Stored data
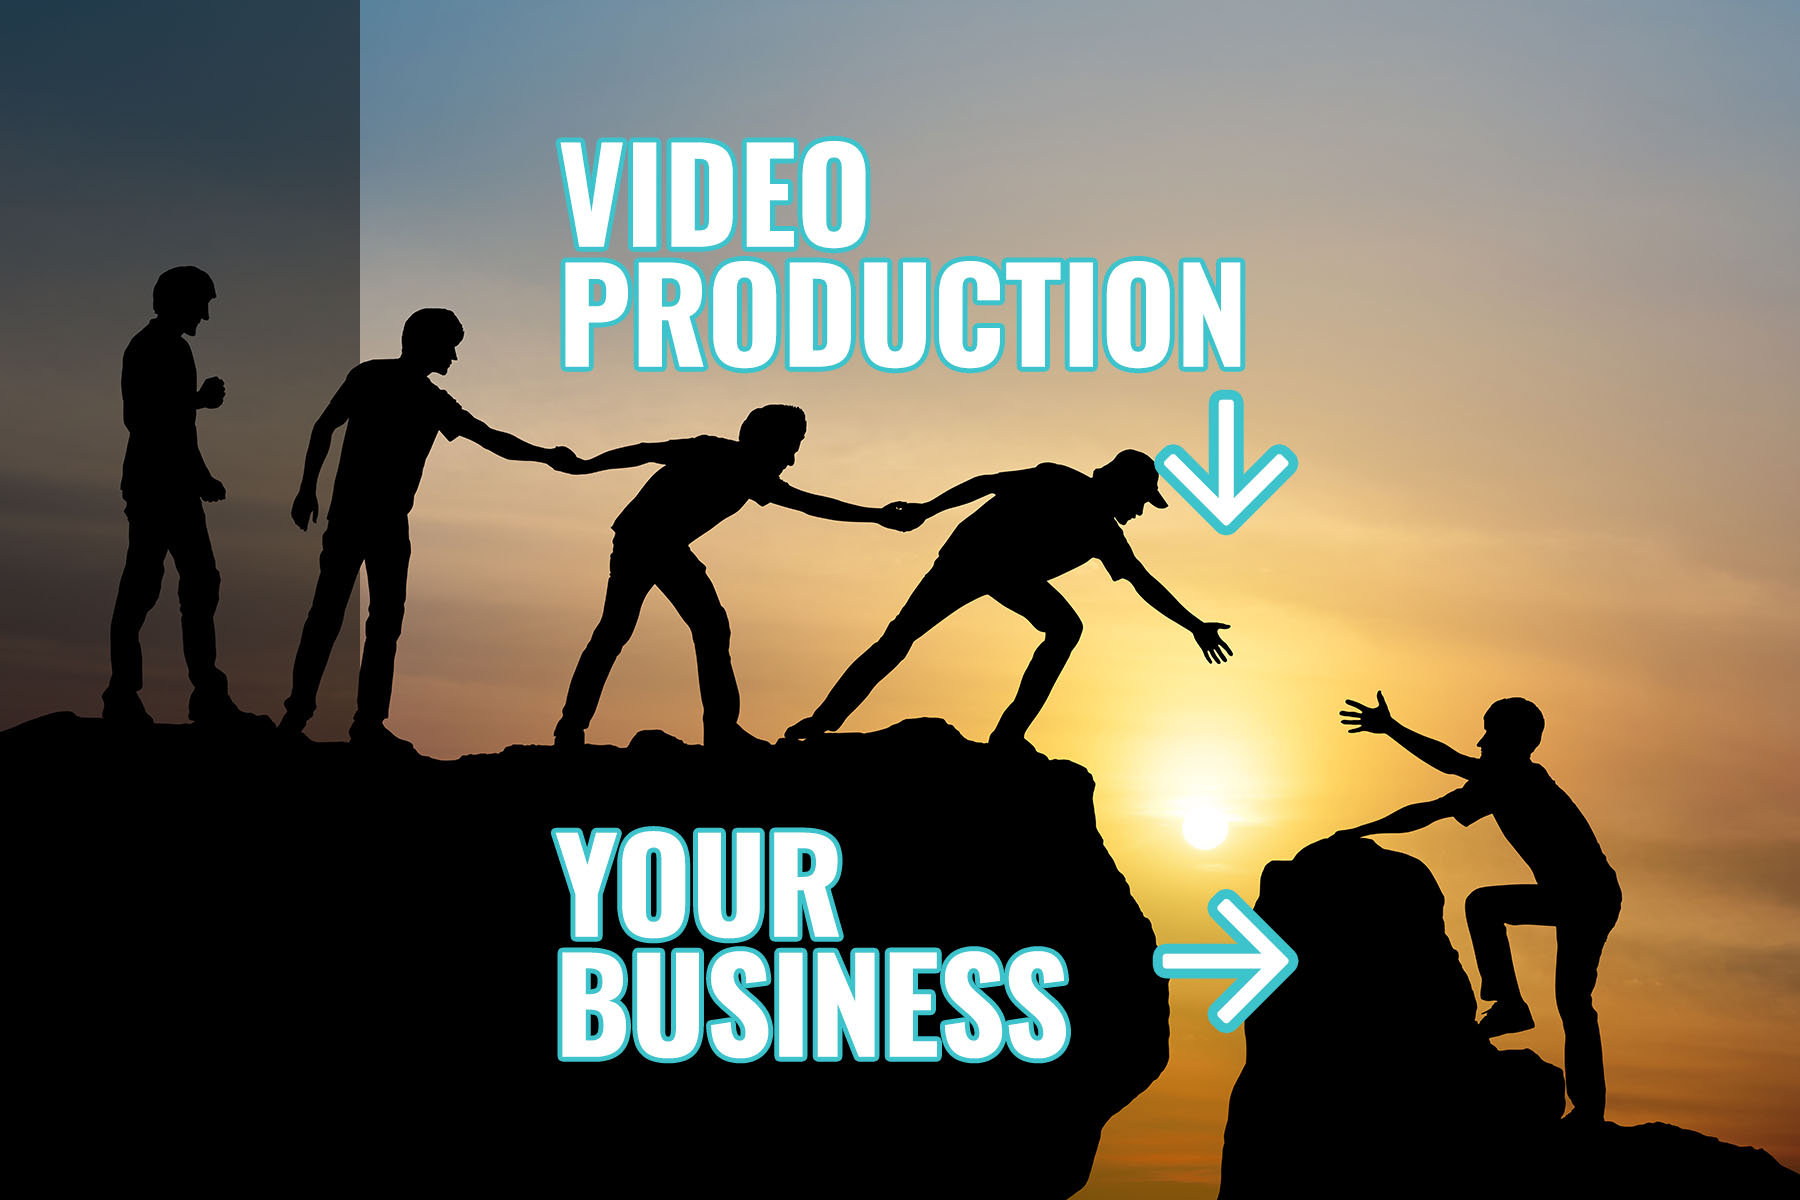 Why Video Production Is Good for Businesses
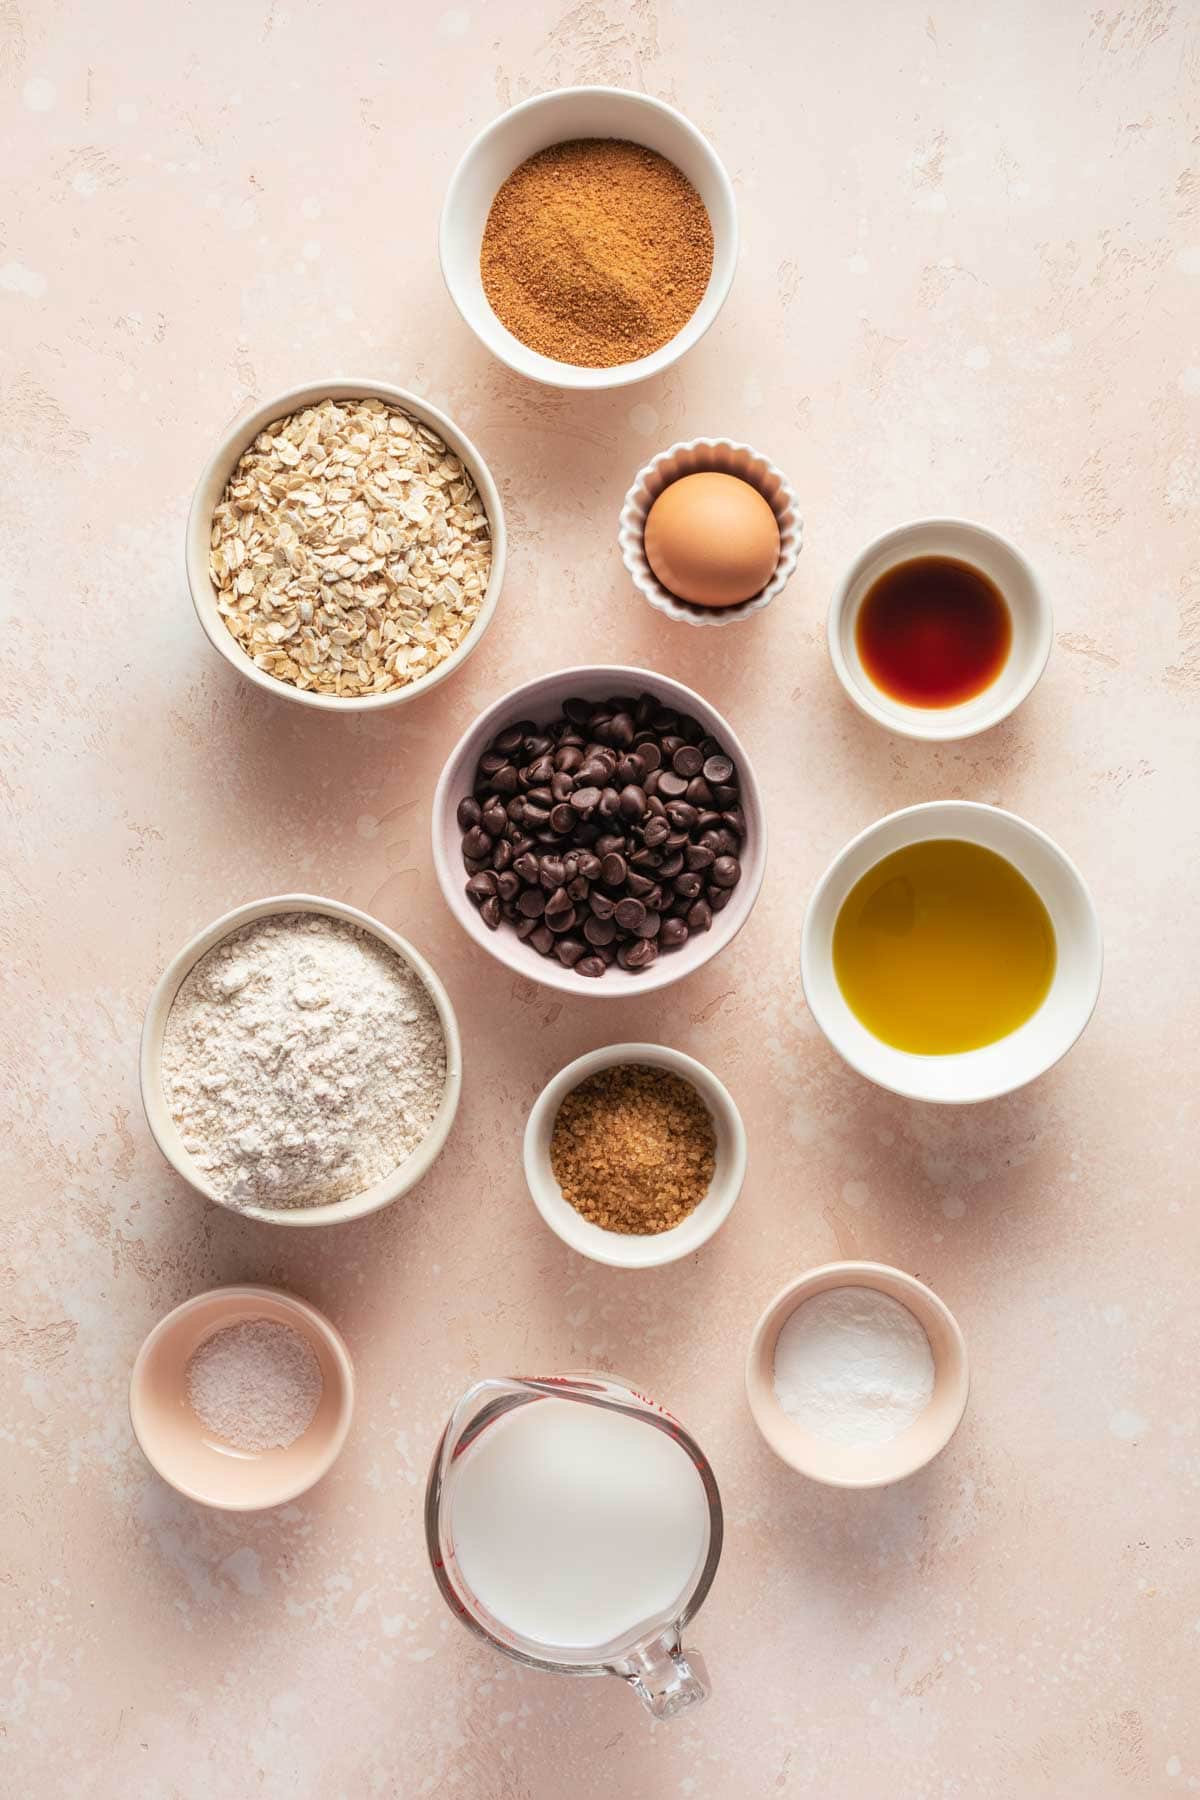 Ingredients to make air fryer muffins arranged in individual dishes on a pink surface.
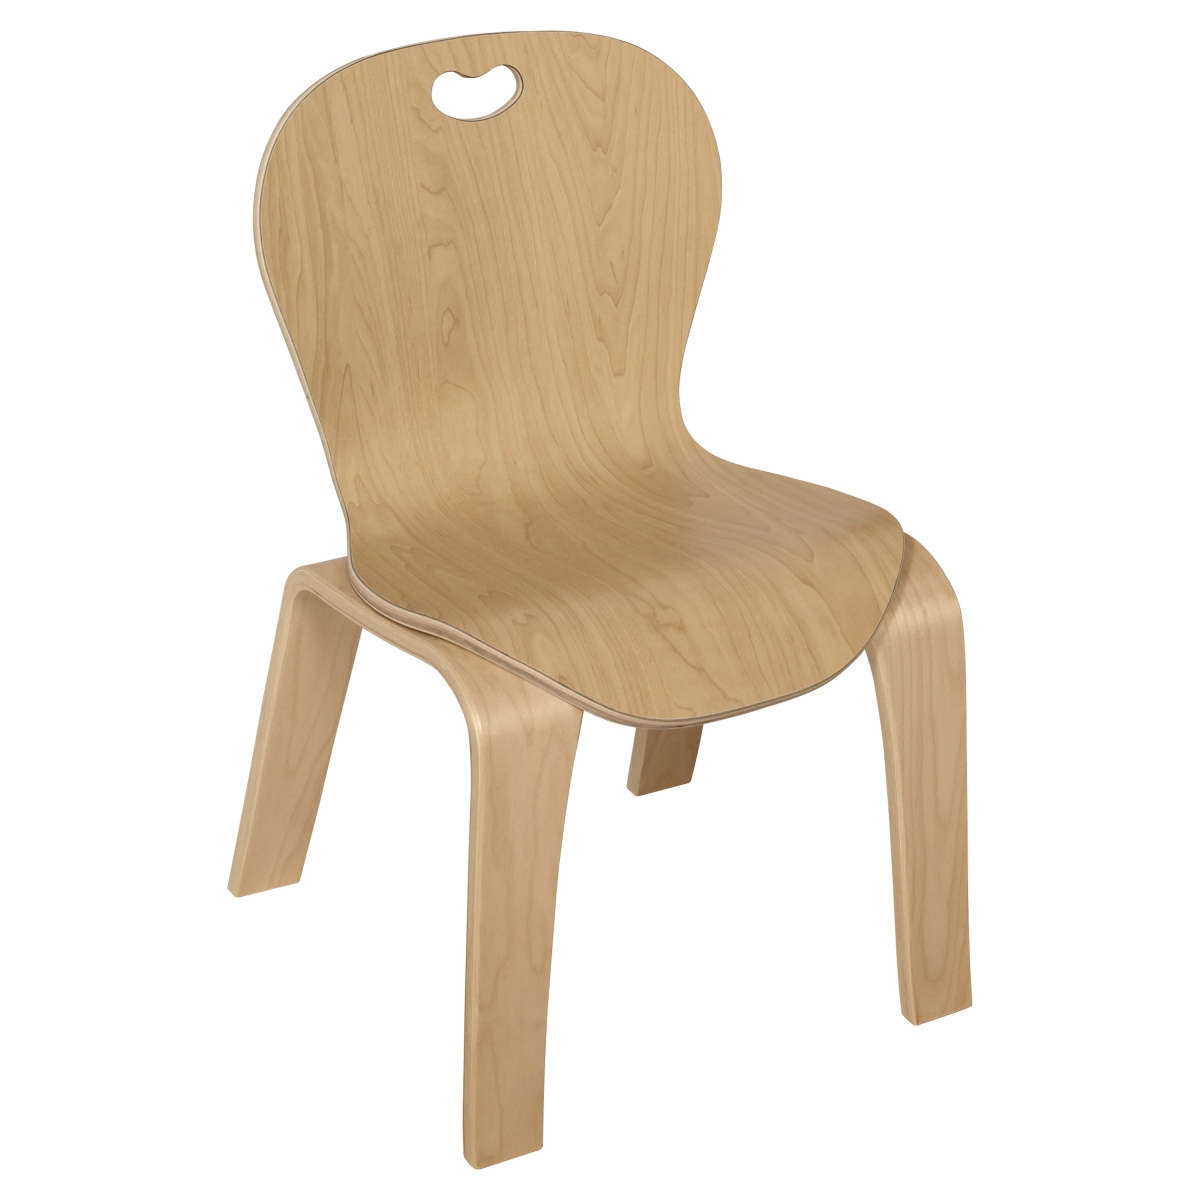 Mh881601 16 In. Bentwood Kids Chair

Your objective
Print every line of the material exactly as written, but drop the pictures.

Solution
 Why Video Production Is Good for Businesses
 Ingredients to make air fryer muffins arranged in individual dishes on a pink surface.
 Mh881601 16 In. Bentwood Kids Chair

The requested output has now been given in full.